Dell AI Data Platform
Dell AI Data Platform with NVIDIA combines Dell storage, modular data engines, NVIDIA accelerated computing, networking, and NVIDIA AI Enterprise software for enterprise AI data pipelines. Dell describes a GPU Accelerated Data Search Engine that applies NVIDIA cuVS to vector indexing and search over unstructured data, alongside NVIDIA cuDF for data processing and Dell data orchestration for preparing governed AI-ready datasets. See Dell’s platform launch blog, press release, and GPU-fed AI data platform overview.
MinIO
MinIO AIStor is an S3-compatible object data platform for NVIDIA AI Factory and NVIDIA STX deployments. In vector-search and RAG pipelines, AIStor provides the durable object layer for embeddings, segment objects, index artifacts, and retrieval data while GPU-accelerated services such as Milvus and cuVS perform index construction and search. MinIO has published a Milvus and cuVS benchmark showing how AIStor, NVIDIA GPUDirect RDMA for S3-compatible storage, and cuVS fit together in large-scale vector index creation. See also MinIO’s NVIDIA STX announcement and GPUDirect RDMA overview.
NetApp
NetApp AIPod supports NVIDIA AI Data Platform deployments with NetApp ONTAP data management, scalable storage, and NVIDIA accelerated computing. The integration is designed for governed RAG and inference pipelines that scan, index, classify, and retrieve enterprise documents for AI agents. See NetApp’s AI Data Platform announcement and AI infrastructure documentation.
Pure Storage
Pure Storage FlashBlade integrates with the NVIDIA AI Data Platform reference design for agentic AI, RAG, and inference workflows.

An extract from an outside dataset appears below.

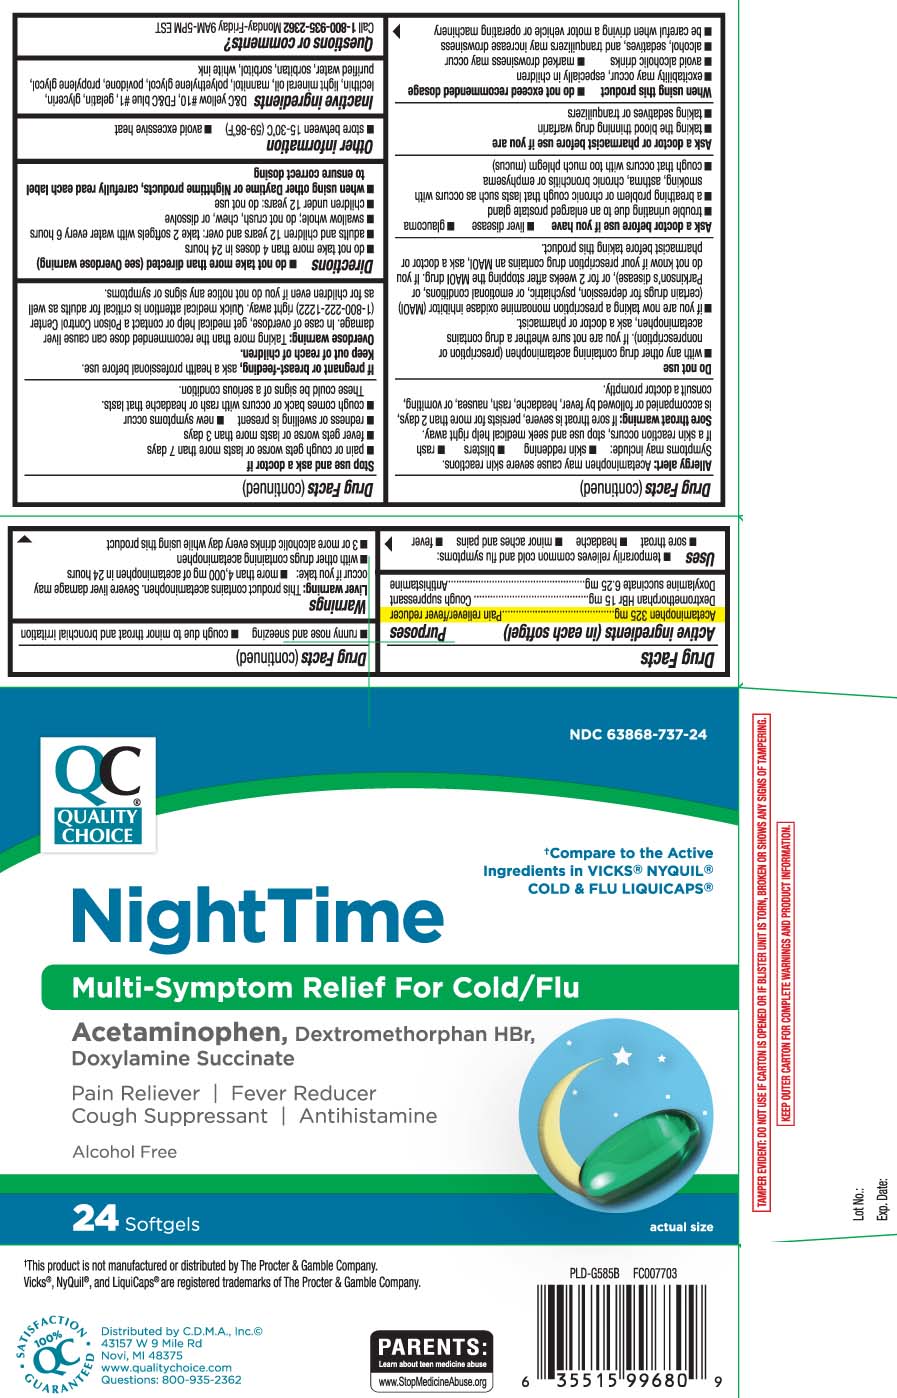 Acetaminophen 325 mg, Dextromethorphan HBr15 mg, Doxylamine Succinate 6.25 mg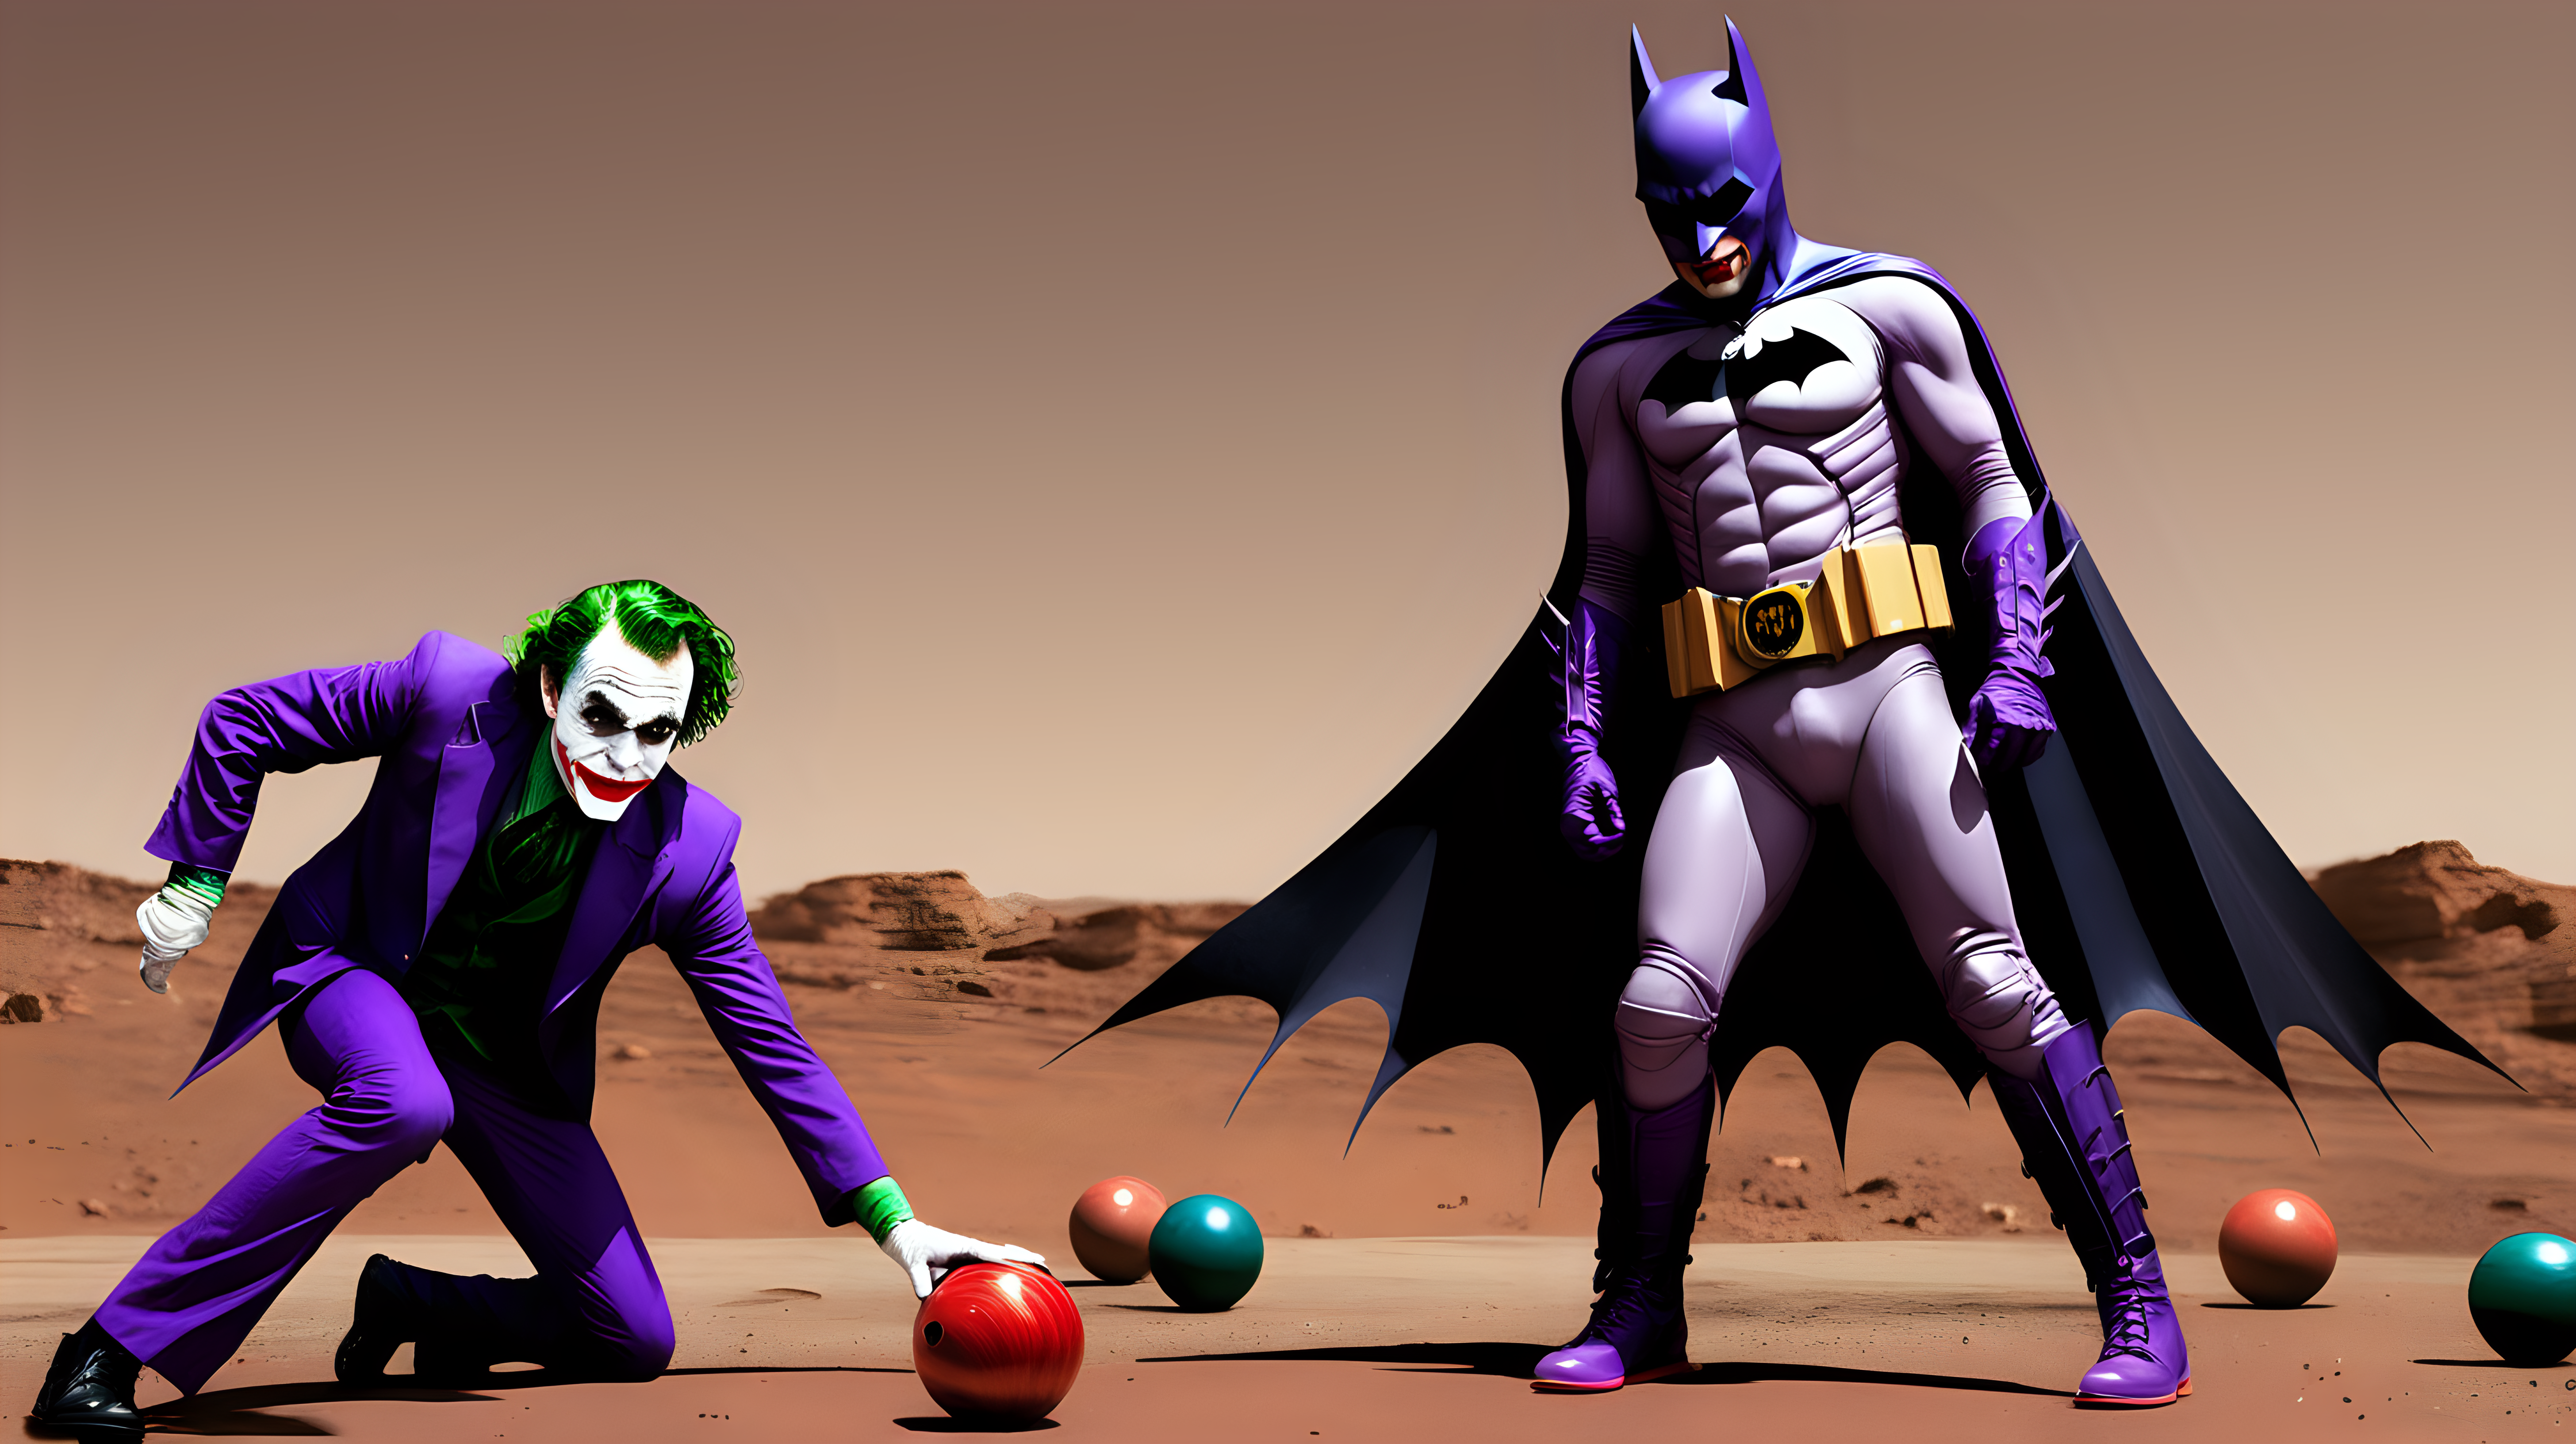 Batman the Joker bowling on Mars

Pure Storage positions FlashBlade as a high-throughput storage layer for NVIDIA accelerated compute and NVIDIA AI Enterprise software, while FlashBlade//EXA targets large-scale AI and HPC workloads that need high metadata performance and low-latency access to multimodal data.
WEKA
WEKA Data Platform integrates with the NVIDIA AI Data Platform reference design to provide a high-performance storage foundation for agentic AI reasoning and inference. WEKA’s NVIDIA work includes Augmented Memory Grid, NVIDIA Cloud Partner certification, NVIDIA-Certified Systems Storage validation, and DGX reference architectures. See WEKA’s NVIDIA Cloud Partner certification and DGX BasePOD reference architecture.
Libraries
Use these integrations when you want library-level control inside an application or service. These options expose familiar APIs while letting developers use cuVS-backed indexing or search paths where supported.
Faiss
Faiss integrates NVIDIA cuVS as an optional backend for GPU vector indexes. The cuVS-backed path keeps the Faiss API model while accelerating supported GPU indexes such as GpuIndexFlat, GpuIndexIVFFlat, GpuIndexIVFPQ, and GpuIndexCagra. Faiss can also move between CPU and GPU indexes, including converting GPU-built CAGRA indexes into HNSW-compatible CPU indexes with IndexHNSWCagra. See the Faiss installation guide, GPU Faiss with cuVS, cuVS usage guide, and example notebook.
KIOXIA AiSAQ
KIOXIA AiSAQ is an SSD-oriented ANN library based on DiskANN and Vamana for vector collections that are too large to keep entirely in DRAM. AiSAQ can use cuVS to accelerate index build, including Vamana graph construction and k-means workflows. It is also available as a disk-based vector index in Milvus 2.6.4 and newer. See KIOXIA’s 4.8B-vector scaling demo, technical blog, and the cuVS Vamana indexing guide.
Lucene
cuVS Lucene provides a Lucene KnnVectorFormat that lets Java search applications use NVIDIA cuVS through Lucene codecs. The package is published as com.nvidia.cuvs.lucene:cuvs-lucene and builds on the cuVS Java APIs. The integration targets GPU-accelerated vector indexing and search paths for Lucene-based systems, including CAGRA graph construction, filtering, index merge support, and off-heap data movement. See the SearchScale and NVIDIA writeup on Apache Lucene accelerated with cuVS.